The DragonFly installer has been modified to produce disk arrangements that will generally match between UFS and Hammer installs, plus directories where you usually don’t want Hammer history or backups (like /tmp or /usr/obj) are now under /build and null-mounted to where you’d expect, since null-mounting works transparently well on DragonFly. Matthew Dillon has a note explaining the whole thing.
The official title for BSDNow 120 is “I’m talking about the man in the middle” which is too long for an article title here. It’s a Michael Jackson reference and a type of attack against encryption, if you are unclear. Anyway, the episode has the usual news roundup and an interview of Pawel Jakub Dawidek.
For those of you looking to rent a place to run DragonFly, Nuno Antunes has very helpfully written out his procedure for installing DragonFly on a Digital Ocean ‘droplet’.

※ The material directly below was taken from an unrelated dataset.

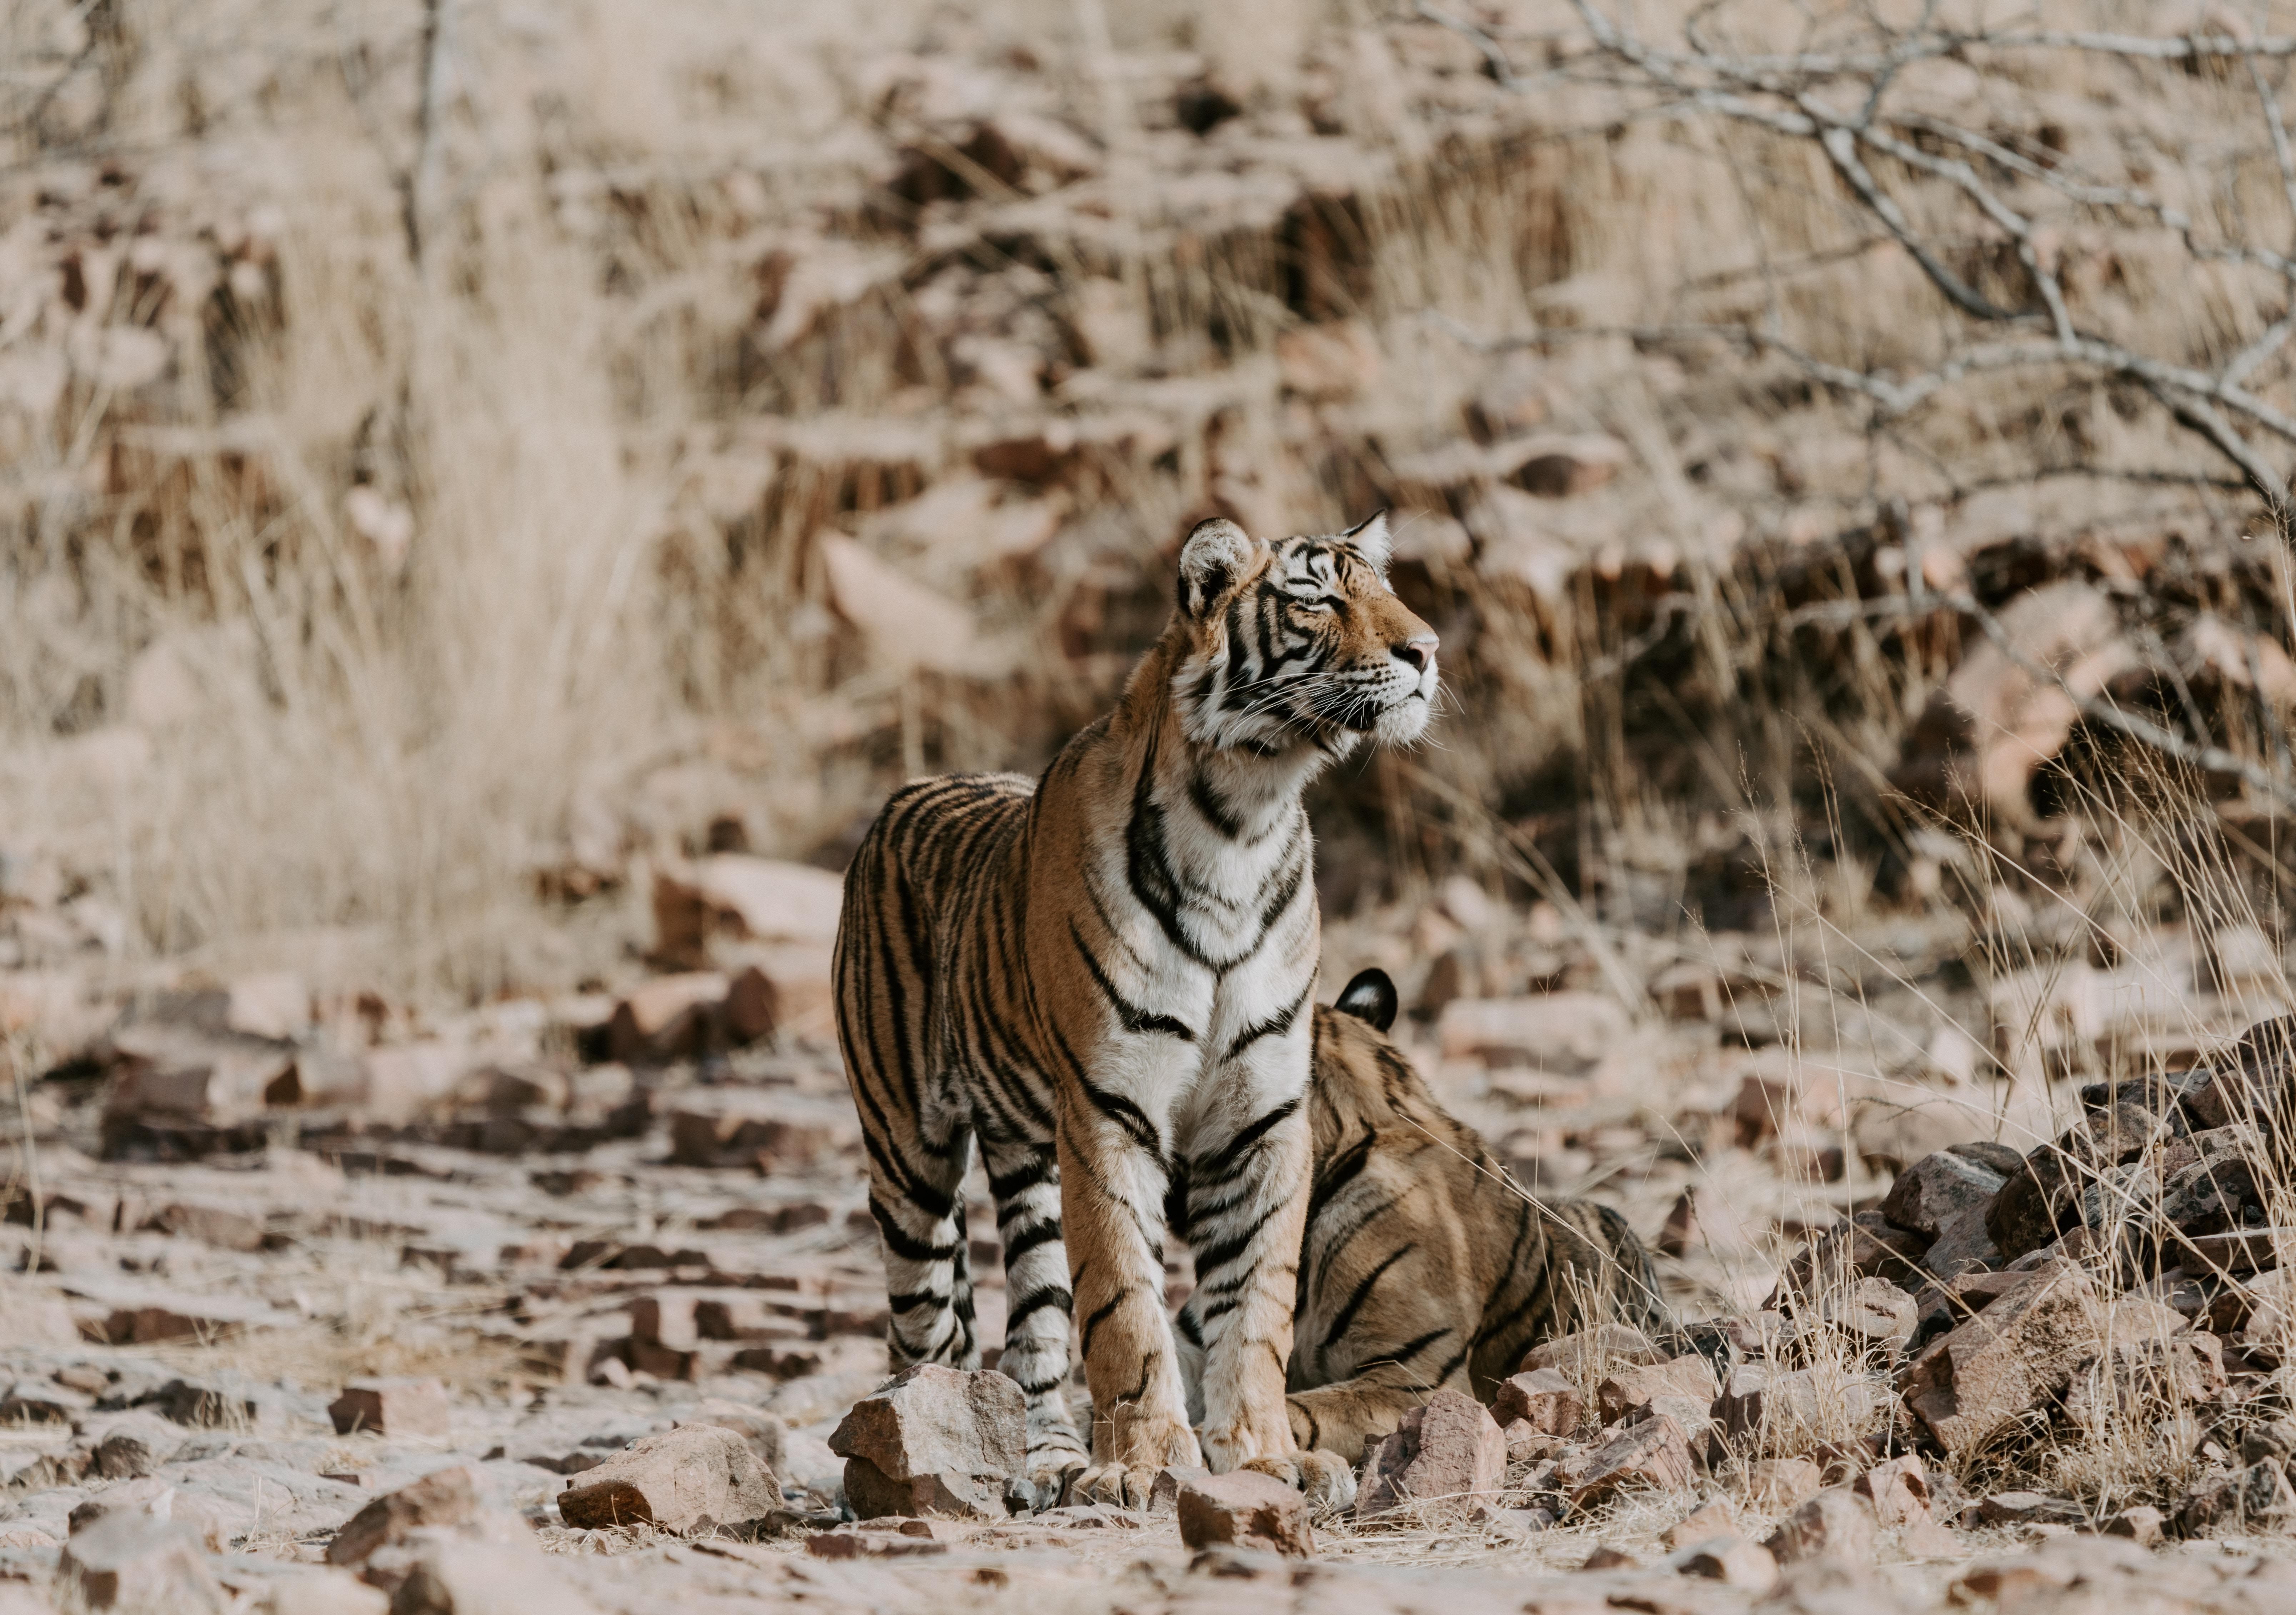 World Animal Day: Working to Keep Wildlife Wild!

As mentioned previously, Sepherosa Ziehau is printing up some DragonFly T-shirts for WeChat users. He’s going to have a few left over, so he is sending them to me to hand to non-China people. If you want one, leave a note saying so in the comments. Here’s the front and back.
You need to provide some way for me to contact you – preferably email, and the size you’d want. (Use the Land’s End Men’s Shirts chart for sizing, because why not.) I’ll only have a few, so no guarantees.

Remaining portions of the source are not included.